= WORK INSTRUCTION =
Every record here needs to be retyped exactly.

(Records from a dataset)

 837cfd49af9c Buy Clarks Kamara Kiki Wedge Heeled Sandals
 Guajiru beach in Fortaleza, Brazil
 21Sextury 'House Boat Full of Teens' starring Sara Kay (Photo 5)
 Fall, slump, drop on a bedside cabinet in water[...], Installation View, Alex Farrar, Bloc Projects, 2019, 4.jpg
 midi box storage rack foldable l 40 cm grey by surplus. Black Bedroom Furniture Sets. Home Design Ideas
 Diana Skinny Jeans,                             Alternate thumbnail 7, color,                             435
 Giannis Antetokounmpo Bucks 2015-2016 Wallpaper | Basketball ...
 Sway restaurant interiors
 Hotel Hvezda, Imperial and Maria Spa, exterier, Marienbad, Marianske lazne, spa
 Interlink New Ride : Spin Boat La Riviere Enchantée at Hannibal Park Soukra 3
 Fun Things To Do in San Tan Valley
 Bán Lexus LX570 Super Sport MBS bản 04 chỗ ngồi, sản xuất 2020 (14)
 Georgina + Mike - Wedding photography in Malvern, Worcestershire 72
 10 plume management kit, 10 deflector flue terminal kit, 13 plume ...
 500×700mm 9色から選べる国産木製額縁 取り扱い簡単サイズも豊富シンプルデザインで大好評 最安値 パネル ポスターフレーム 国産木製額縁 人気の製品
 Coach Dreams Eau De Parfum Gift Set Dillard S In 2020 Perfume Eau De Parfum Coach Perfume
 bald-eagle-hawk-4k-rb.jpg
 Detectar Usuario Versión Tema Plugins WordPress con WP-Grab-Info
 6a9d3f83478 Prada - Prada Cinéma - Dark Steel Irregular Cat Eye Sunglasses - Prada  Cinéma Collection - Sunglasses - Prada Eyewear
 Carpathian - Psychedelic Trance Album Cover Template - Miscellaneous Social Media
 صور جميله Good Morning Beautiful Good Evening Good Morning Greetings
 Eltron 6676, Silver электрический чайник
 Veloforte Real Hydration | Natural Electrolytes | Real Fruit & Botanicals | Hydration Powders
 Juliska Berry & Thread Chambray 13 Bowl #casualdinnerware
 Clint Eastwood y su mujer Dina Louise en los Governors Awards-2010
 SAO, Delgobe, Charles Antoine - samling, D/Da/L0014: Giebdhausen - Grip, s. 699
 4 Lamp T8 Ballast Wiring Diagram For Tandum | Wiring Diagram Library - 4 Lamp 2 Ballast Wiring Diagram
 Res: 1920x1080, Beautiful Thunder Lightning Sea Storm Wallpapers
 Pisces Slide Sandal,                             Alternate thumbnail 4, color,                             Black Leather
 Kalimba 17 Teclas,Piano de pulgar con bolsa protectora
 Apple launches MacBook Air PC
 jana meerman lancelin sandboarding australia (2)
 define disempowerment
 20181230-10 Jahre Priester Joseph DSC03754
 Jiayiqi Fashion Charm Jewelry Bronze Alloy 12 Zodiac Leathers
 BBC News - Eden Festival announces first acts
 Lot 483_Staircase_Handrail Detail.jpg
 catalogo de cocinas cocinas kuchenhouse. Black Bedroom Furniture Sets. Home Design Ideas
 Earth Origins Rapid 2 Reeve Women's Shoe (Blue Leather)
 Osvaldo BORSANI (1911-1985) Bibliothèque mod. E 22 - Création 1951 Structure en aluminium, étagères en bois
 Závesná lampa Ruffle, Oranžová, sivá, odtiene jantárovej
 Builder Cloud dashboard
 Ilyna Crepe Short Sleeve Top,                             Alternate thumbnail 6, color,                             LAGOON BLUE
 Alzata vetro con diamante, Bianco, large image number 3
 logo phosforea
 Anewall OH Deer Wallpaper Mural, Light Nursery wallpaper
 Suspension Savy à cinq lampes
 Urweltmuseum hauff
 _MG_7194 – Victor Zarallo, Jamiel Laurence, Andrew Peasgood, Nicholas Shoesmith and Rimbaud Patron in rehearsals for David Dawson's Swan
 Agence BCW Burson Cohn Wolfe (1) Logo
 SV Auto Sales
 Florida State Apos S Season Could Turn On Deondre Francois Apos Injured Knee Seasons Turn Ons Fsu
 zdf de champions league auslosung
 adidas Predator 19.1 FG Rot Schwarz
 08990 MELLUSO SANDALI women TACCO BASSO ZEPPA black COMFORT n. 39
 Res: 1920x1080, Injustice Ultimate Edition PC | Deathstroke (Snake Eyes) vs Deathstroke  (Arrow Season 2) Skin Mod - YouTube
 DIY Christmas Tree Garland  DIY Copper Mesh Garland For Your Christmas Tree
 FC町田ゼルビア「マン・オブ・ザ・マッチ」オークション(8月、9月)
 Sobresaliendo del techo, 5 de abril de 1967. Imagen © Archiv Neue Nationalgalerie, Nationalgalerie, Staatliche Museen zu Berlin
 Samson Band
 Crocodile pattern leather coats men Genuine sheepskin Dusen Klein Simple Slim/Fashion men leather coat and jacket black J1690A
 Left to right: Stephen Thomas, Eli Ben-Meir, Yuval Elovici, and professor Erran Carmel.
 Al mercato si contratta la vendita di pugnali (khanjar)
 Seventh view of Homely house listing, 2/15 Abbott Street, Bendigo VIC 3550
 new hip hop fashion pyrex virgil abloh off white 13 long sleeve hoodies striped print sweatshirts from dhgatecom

= SOLVED EXERCISE =
 837cfd49af9c Buy Clarks Kamara Kiki Wedge Heeled Sandals
 Guajiru beach in Fortaleza, Brazil
 21Sextury 'House Boat Full of Teens' starring Sara Kay (Photo 5)
 Fall, slump, drop on a bedside cabinet in water[...], Installation View, Alex Farrar, Bloc Projects, 2019, 4.jpg
 midi box storage rack foldable l 40 cm grey by surplus. Black Bedroom Furniture Sets. Home Design Ideas
 Diana Skinny Jeans,                             Alternate thumbnail 7, color,                             435
 Giannis Antetokounmpo Bucks 2015-2016 Wallpaper | Basketball ...
 Sway restaurant interiors
 Hotel Hvezda, Imperial and Maria Spa, exterier, Marienbad, Marianske lazne, spa
 Interlink New Ride : Spin Boat La Riviere Enchantée at Hannibal Park Soukra 3
 Fun Things To Do in San Tan Valley
 Bán Lexus LX570 Super Sport MBS bản 04 chỗ ngồi, sản xuất 2020 (14)
 Georgina + Mike - Wedding photography in Malvern, Worcestershire 72
 10 plume management kit, 10 deflector flue terminal kit, 13 plume ...
 500×700mm 9色から選べる国産木製額縁 取り扱い簡単サイズも豊富シンプルデザインで大好評 最安値 パネル ポスターフレーム 国産木製額縁 人気の製品
 Coach Dreams Eau De Parfum Gift Set Dillard S In 2020 Perfume Eau De Parfum Coach Perfume
 bald-eagle-hawk-4k-rb.jpg
 Detectar Usuario Versión Tema Plugins WordPress con WP-Grab-Info
 6a9d3f83478 Prada - Prada Cinéma - Dark Steel Irregular Cat Eye Sunglasses - Prada  Cinéma Collection - Sunglasses - Prada Eyewear
 Carpathian - Psychedelic Trance Album Cover Template - Miscellaneous Social Media
 صور جميله Good Morning Beautiful Good Evening Good Morning Greetings
 Eltron 6676, Silver электрический чайник
 Veloforte Real Hydration | Natural Electrolytes | Real Fruit & Botanicals | Hydration Powders
 Juliska Berry & Thread Chambray 13 Bowl #casualdinnerware
 Clint Eastwood y su mujer Dina Louise en los Governors Awards-2010
 SAO, Delgobe, Charles Antoine - samling, D/Da/L0014: Giebdhausen - Grip, s. 699
 4 Lamp T8 Ballast Wiring Diagram For Tandum | Wiring Diagram Library - 4 Lamp 2 Ballast Wiring Diagram
 Res: 1920x1080, Beautiful Thunder Lightning Sea Storm Wallpapers
 Pisces Slide Sandal,                             Alternate thumbnail 4, color,                             Black Leather
 Kalimba 17 Teclas,Piano de pulgar con bolsa protectora
 Apple launches MacBook Air PC
 jana meerman lancelin sandboarding australia (2)
 define disempowerment
 20181230-10 Jahre Priester Joseph DSC03754
 Jiayiqi Fashion Charm Jewelry Bronze Alloy 12 Zodiac Leathers
 BBC News - Eden Festival announces first acts
 Lot 483_Staircase_Handrail Detail.jpg
 catalogo de cocinas cocinas kuchenhouse. Black Bedroom Furniture Sets. Home Design Ideas
 Earth Origins Rapid 2 Reeve Women's Shoe (Blue Leather)
 Osvaldo BORSANI (1911-1985) Bibliothèque mod. E 22 - Création 1951 Structure en aluminium, étagères en bois
 Závesná lampa Ruffle, Oranžová, sivá, odtiene jantárovej
 Builder Cloud dashboard
 Ilyna Crepe Short Sleeve Top,                             Alternate thumbnail 6, color,                             LAGOON BLUE
 Alzata vetro con diamante, Bianco, large image number 3
 logo phosforea
 Anewall OH Deer Wallpaper Mural, Light Nursery wallpaper
 Suspension Savy à cinq lampes
 Urweltmuseum hauff
 _MG_7194 – Victor Zarallo, Jamiel Laurence, Andrew Peasgood, Nicholas Shoesmith and Rimbaud Patron in rehearsals for David Dawson's Swan
 Agence BCW Burson Cohn Wolfe (1) Logo
 SV Auto Sales
 Florida State Apos S Season Could Turn On Deondre Francois Apos Injured Knee Seasons Turn Ons Fsu
 zdf de champions league auslosung
 adidas Predator 19.1 FG Rot Schwarz
 08990 MELLUSO SANDALI women TACCO BASSO ZEPPA black COMFORT n. 39
 Res: 1920x1080, Injustice Ultimate Edition PC | Deathstroke (Snake Eyes) vs Deathstroke  (Arrow Season 2) Skin Mod - YouTube
 DIY Christmas Tree Garland  DIY Copper Mesh Garland For Your Christmas Tree
 FC町田ゼルビア「マン・オブ・ザ・マッチ」オークション(8月、9月)
 Sobresaliendo del techo, 5 de abril de 1967. Imagen © Archiv Neue Nationalgalerie, Nationalgalerie, Staatliche Museen zu Berlin
 Samson Band
 Crocodile pattern leather coats men Genuine sheepskin Dusen Klein Simple Slim/Fashion men leather coat and jacket black J1690A
 Left to right: Stephen Thomas, Eli Ben-Meir, Yuval Elovici, and professor Erran Carmel.
 Al mercato si contratta la vendita di pugnali (khanjar)
 Seventh view of Homely house listing, 2/15 Abbott Street, Bendigo VIC 3550
 new hip hop fashion pyrex virgil abloh off white 13 long sleeve hoodies striped print sweatshirts from dhgatecom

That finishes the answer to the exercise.